* _Recorded information_:
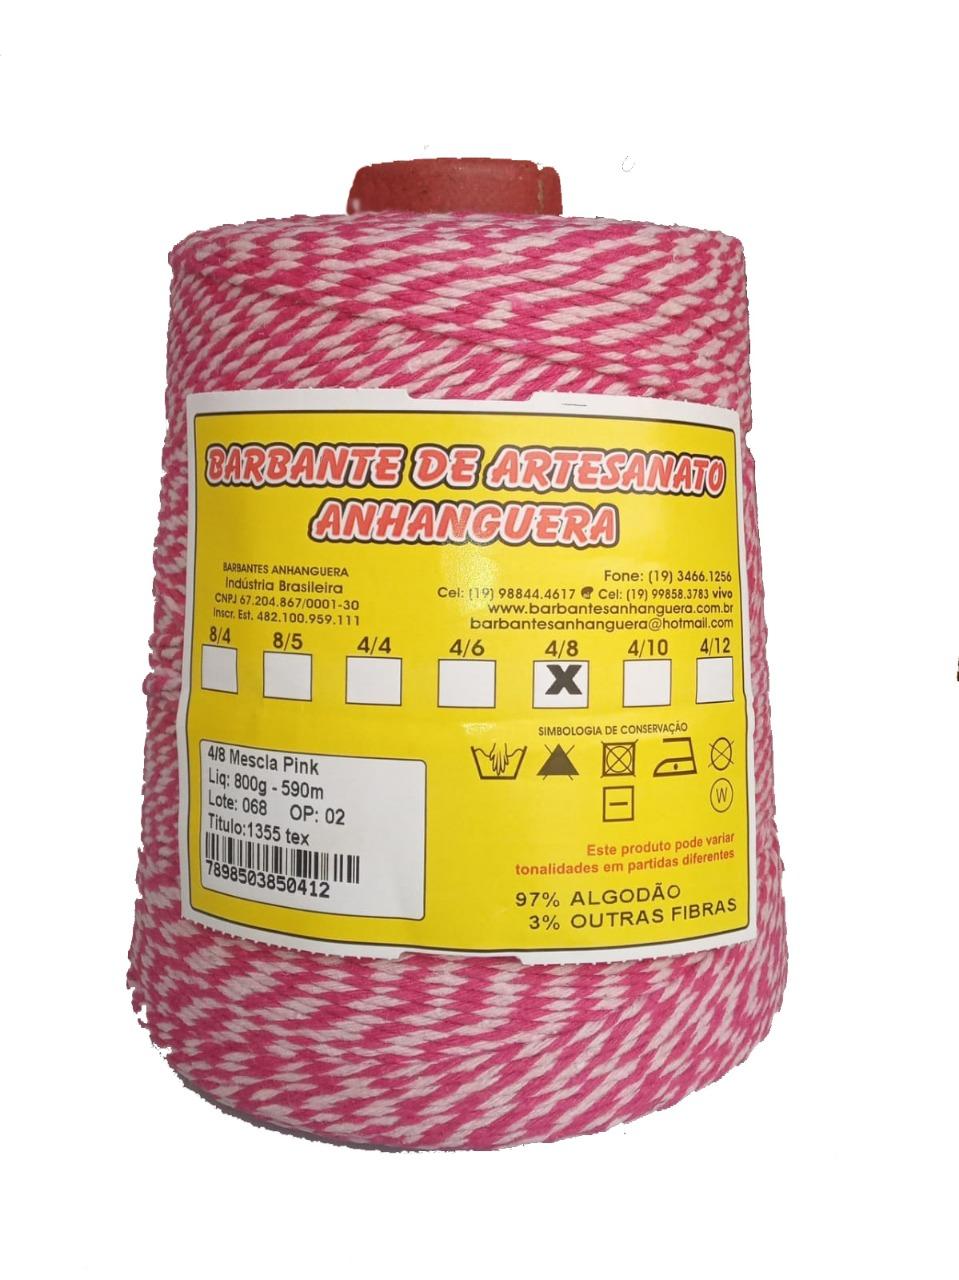 Barbante 4/8 800g 590m Mescla Pink - Anhanguera
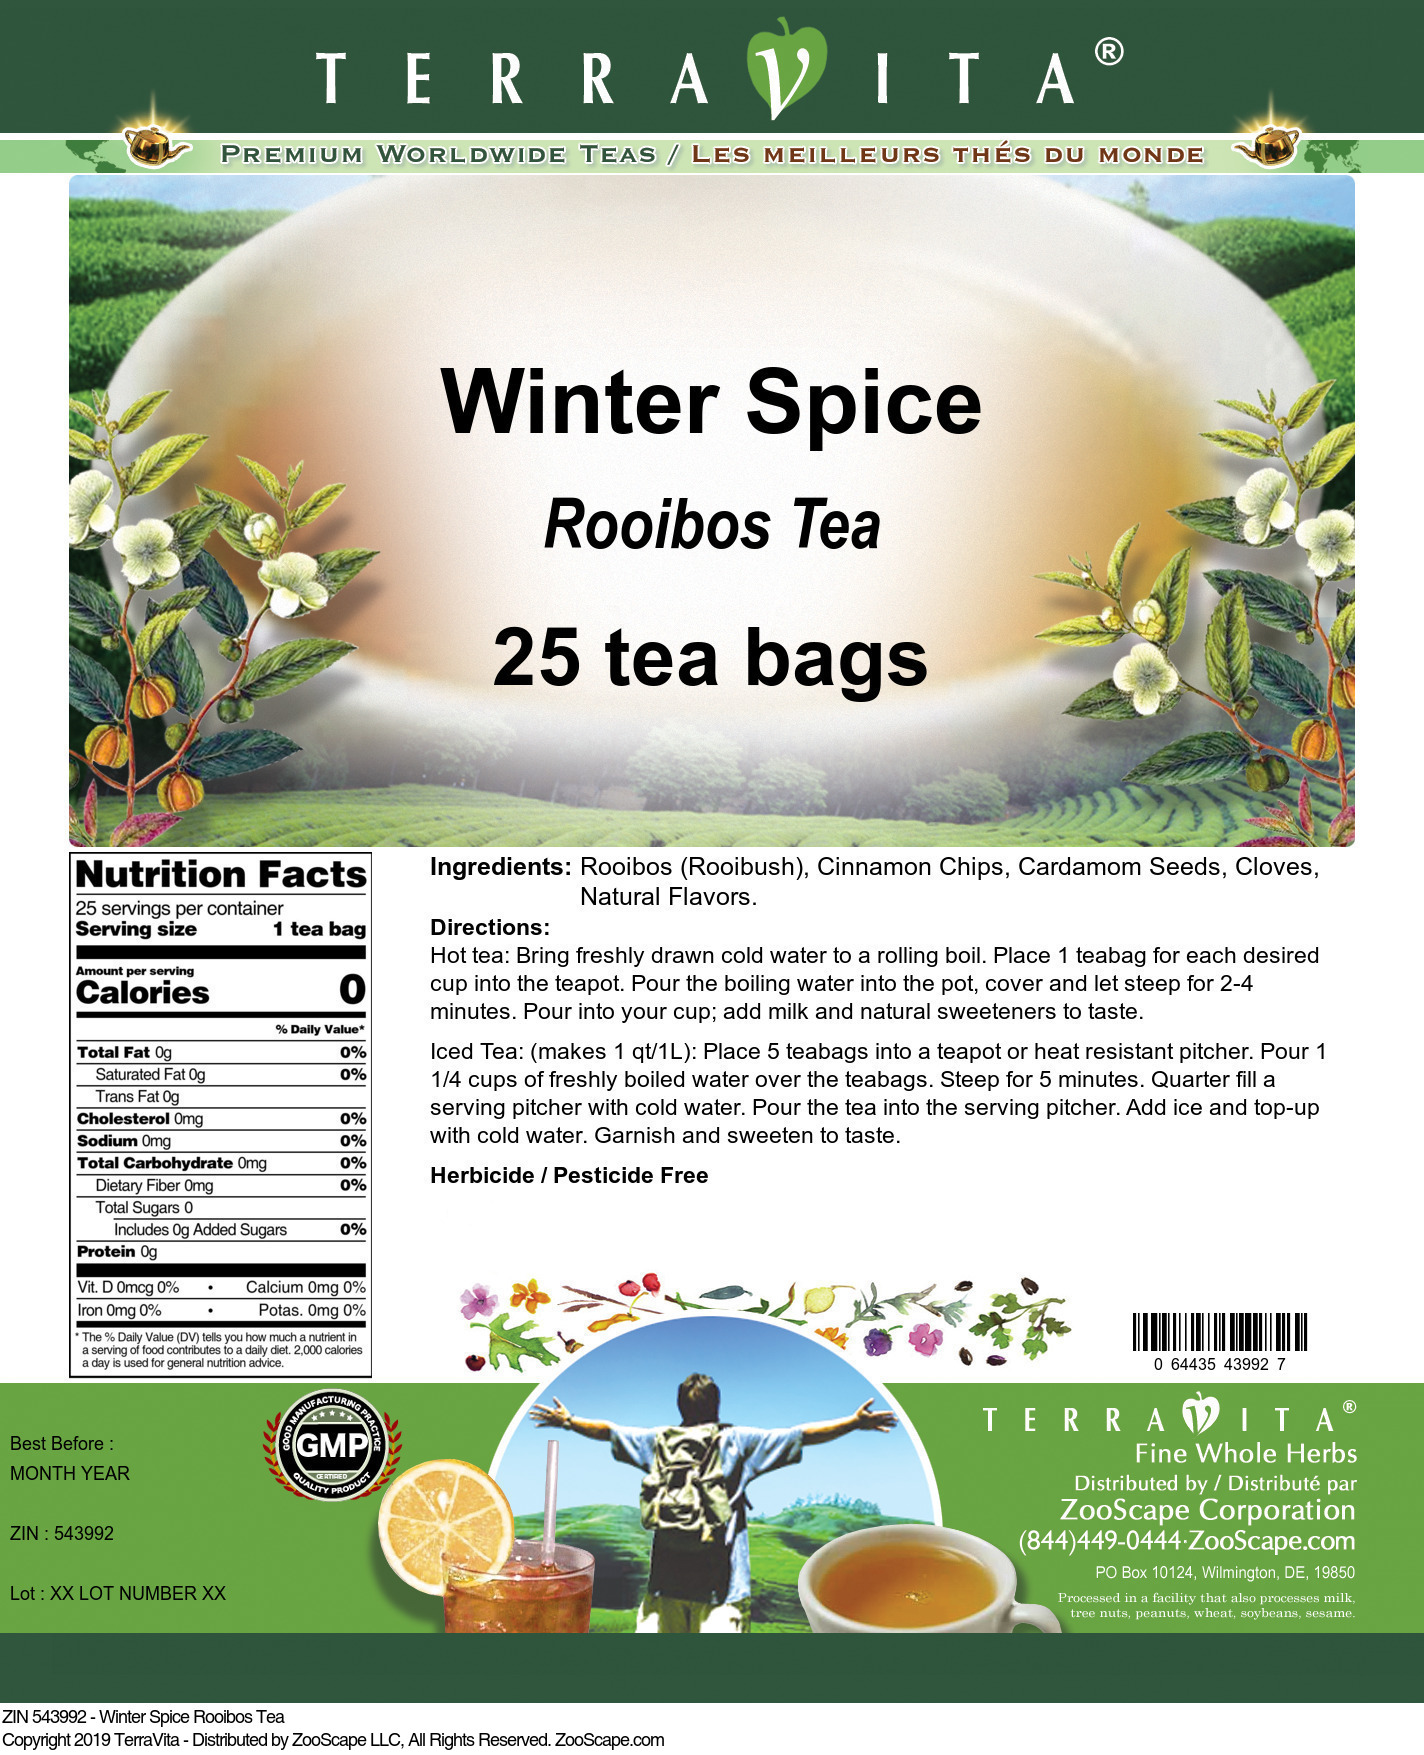 Winter Spice Rooibos Tea
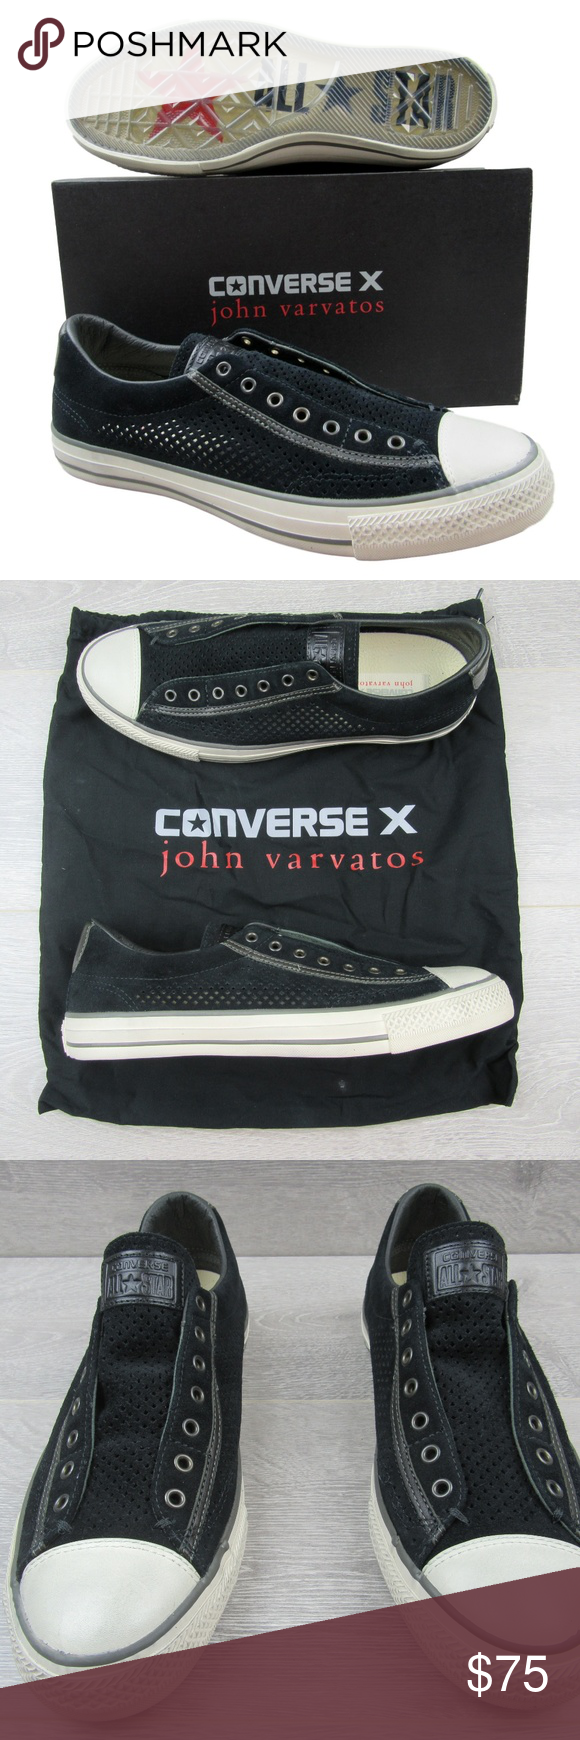 converse john varvatos price
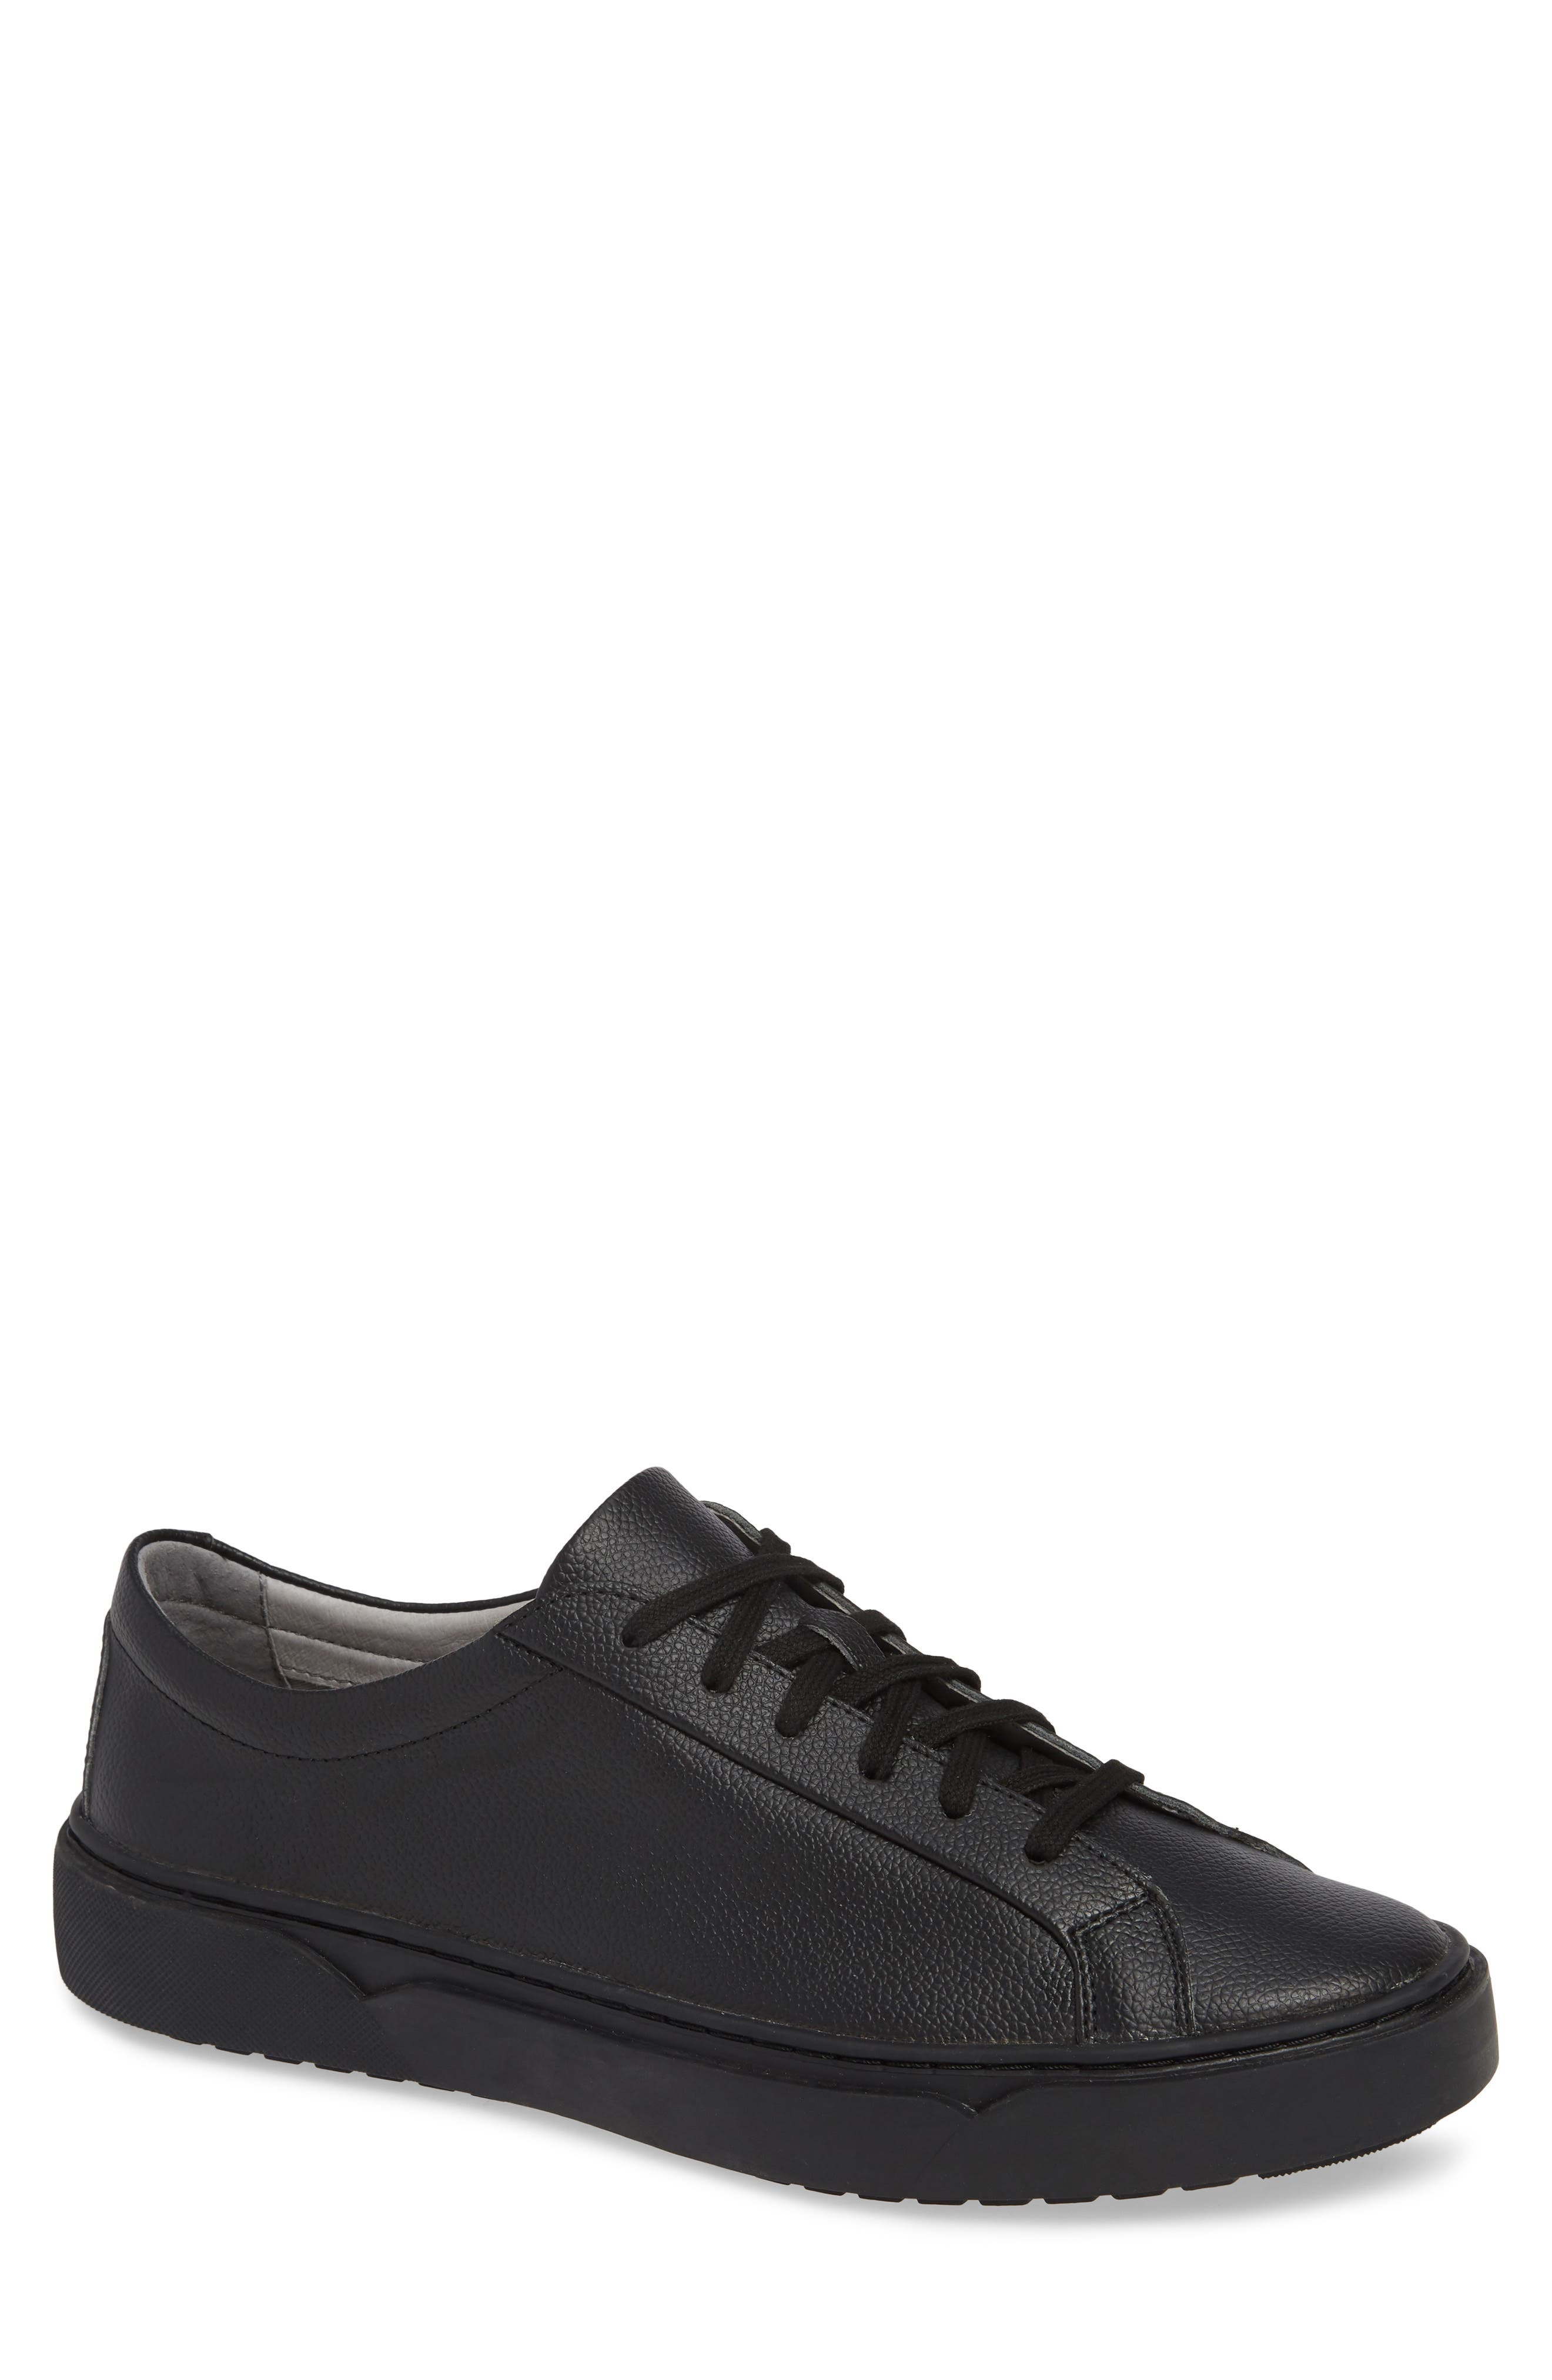 Ken Sneaker,                         Main,                         color, TRIPLE BLACK LEATHER

* _Exercise requirements_:
Set down the material once more, exactly, with the pictures omitted.

* _Task result_:
 Barbante 4/8 800g 590m Mescla Pink - Anhanguera
 Winter Spice Rooibos Tea
 converse john varvatos price
 Ken Sneaker,                         Main,                         color, TRIPLE BLACK LEATHER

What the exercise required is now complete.